I'm emboldened in this suggestion by the work of William Ian Miller who, through the sort of multidisciplinary means promoted by Nietzsche, operates with and arrives at conclusions about a moral psychology that is, as one might expect, strikingly Nietzschean in character. Perhaps if we early 21st century Western bourgeois liberals were -- as Miller is and Nietzsche urges us to be – better acquainted with “that which can be documented, which can really be ascertained, which has really existed, in short, the very long, difficult-to-decipher hieroglyphic writing of the human moral past” (GM P:7), we would be less puzzled by how Nietzsche arrived a such a credible moral psychology without the benefit of the systematic methods that subsequently confirm and (one hopes) update it, and might even concur with Miller when he concludes (in a spirit which recalls, to my mind at least, BGE 186):
“…though we have progressed in certain domains of knowledge – science and technology, for instance – it is not obvious to me that we are better psychologists and social psychologists than human beings were in centuries past. Indeed it is obvious to me that we are not. Nor are we better educators and scholars. And with no irony I can attest to my belief that when it comes to understanding human motivation – no less than to understanding justice and what it means to get even – we are not as smart now as we were when people worried more about their honor than about their pleasure” (“Eye for an Eye,” p. 202).

Rob said...

Neil Sinhababu has some brief impressions of Jenkins' summary of his contribution here:

Anonymous said...

Nietsches accurate moral pscychology is certainly no good luck - i think he arrives at it because he is 'very clever'!
His primary study was of the classics and the greek plays/ homer which offer a representation of human emotions and motivations that still rings true today(give or take a few gods). One observes in these plays people who only act as they should for fear of reprisal, people who do as they wish because they have the power to do as they wish.

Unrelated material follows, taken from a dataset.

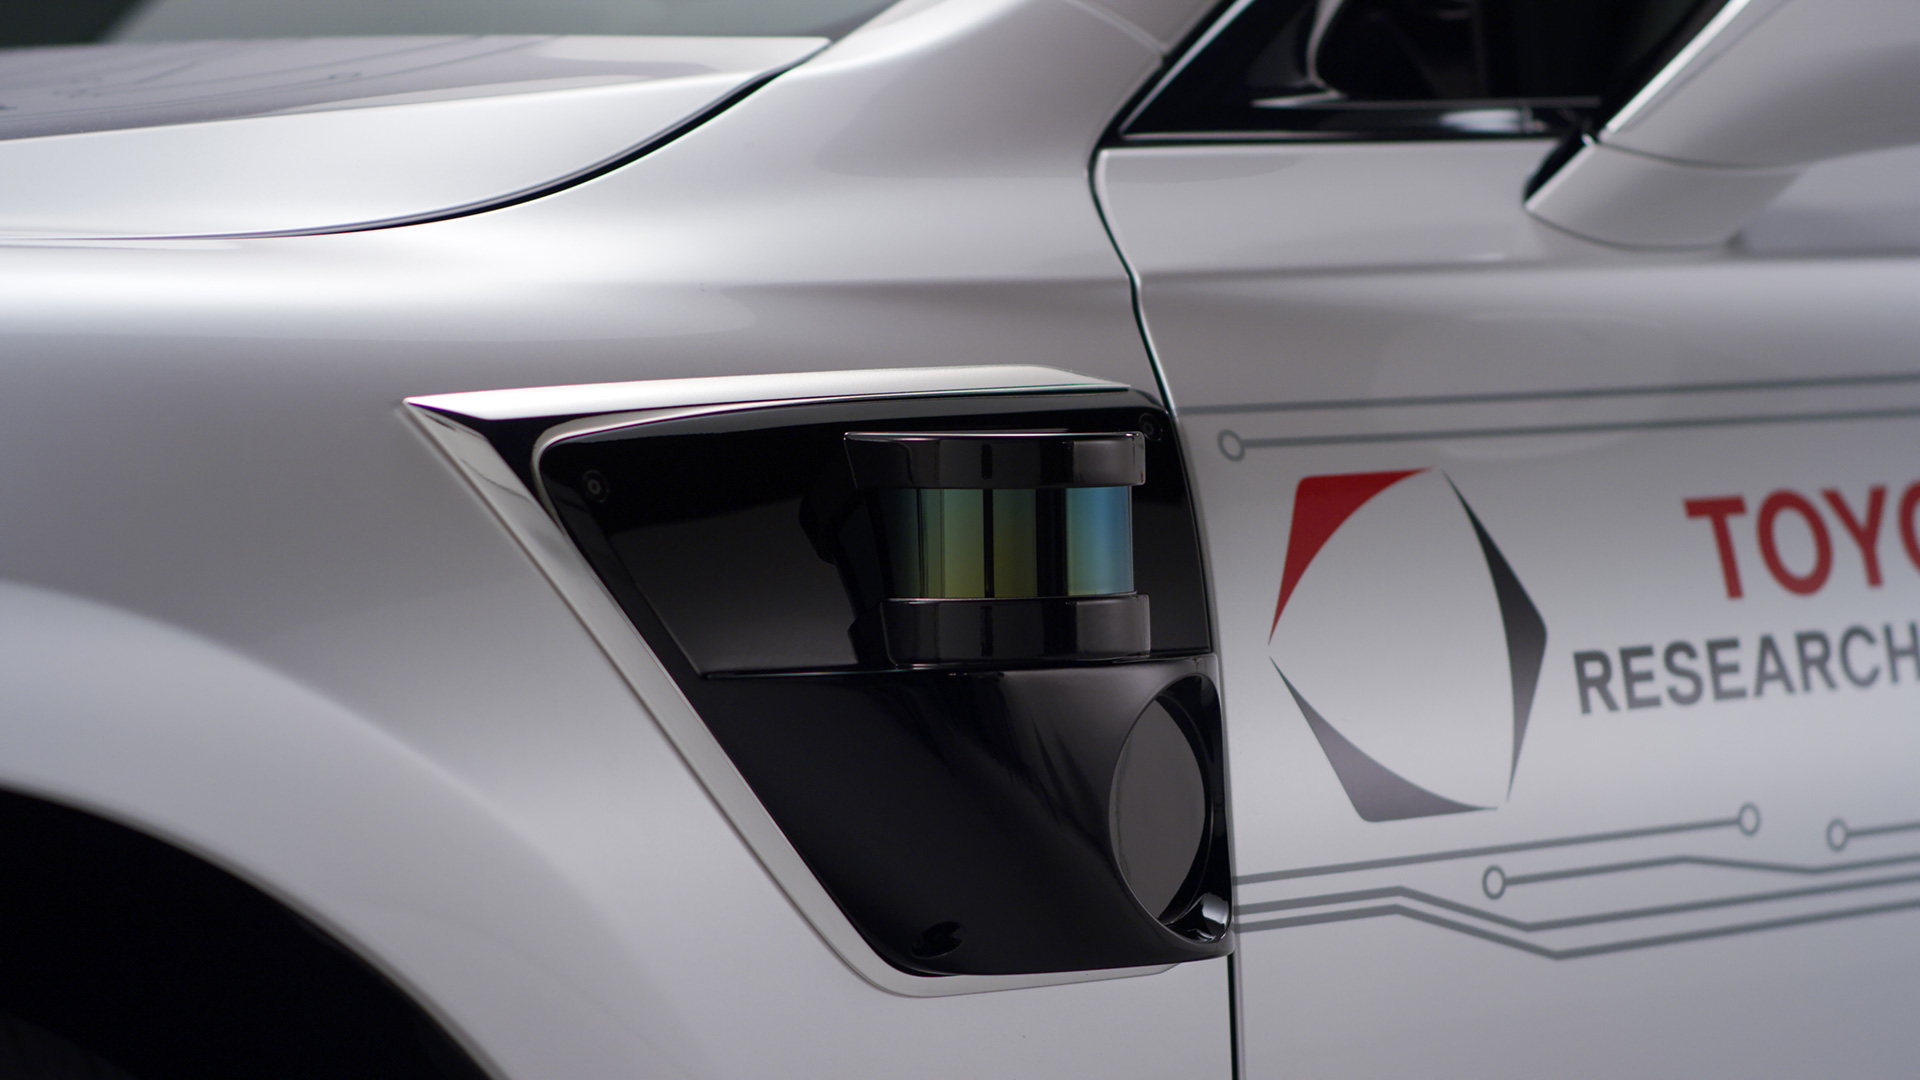 「【CES 2019】新型レクサスLSをベースとした自動運転実験車「TRI-P4」を披露」の3枚目の画像

In Homer one finds ambitious mothers conniving throught their children (Aphrodite and Athene), men owing debts to their fathers (Priam, Hector and Paris, Telemachus and Odysseus,), men who are violent because they are powerful (Diomedes, Ajax) - the nietzchean characters have Homeric equivalents.
His other studies into Japanese culture and far eastern mythology provide more of the same - (i always have to admire N a bit more for this study - very rare in 19th cent Germany!!)
His observation of human nature is that of an artist, his conclusions paint a picture - they do not describe scientifically yet hit the same mark regardless.
Even if we have more statistical data to go on now,it is so open to interpretation that one requires a primary hypothesis first in order to know where to look and what to look at. Such hypotheses stil have to be arrived at with a measure of artistic intuition, not jst a reference to information that is always coloured by what is already believed.
So for me the precursor to modern pscychology is Homer, not Plato, though Nietzche turns observation into statement and makes relevant to a post- Christian era.

Lack of interest in Spinoza is not suprising - he is not nearly as much fun to read.
personally i think it is amazing that no-one quite arrived at the conclusion that 'love of the neighbour is fear of the neighbour' any earlier ..anyone with little kids knows you have to threaten them into being good and lack of reprisal = lack of good behaviour.
Ta for allowing anonymous contribs, i don' have blogger account.

Narziss said...

I thought that Schopenhauer has a view that individuals have a somewhat immutable character, so that e.g., under stress, a person's true character may come out. Each person's character accounts for particular tendencies in each person's behavior. That character view of Schopenhauer resembles Nietzsche's view of type-facts.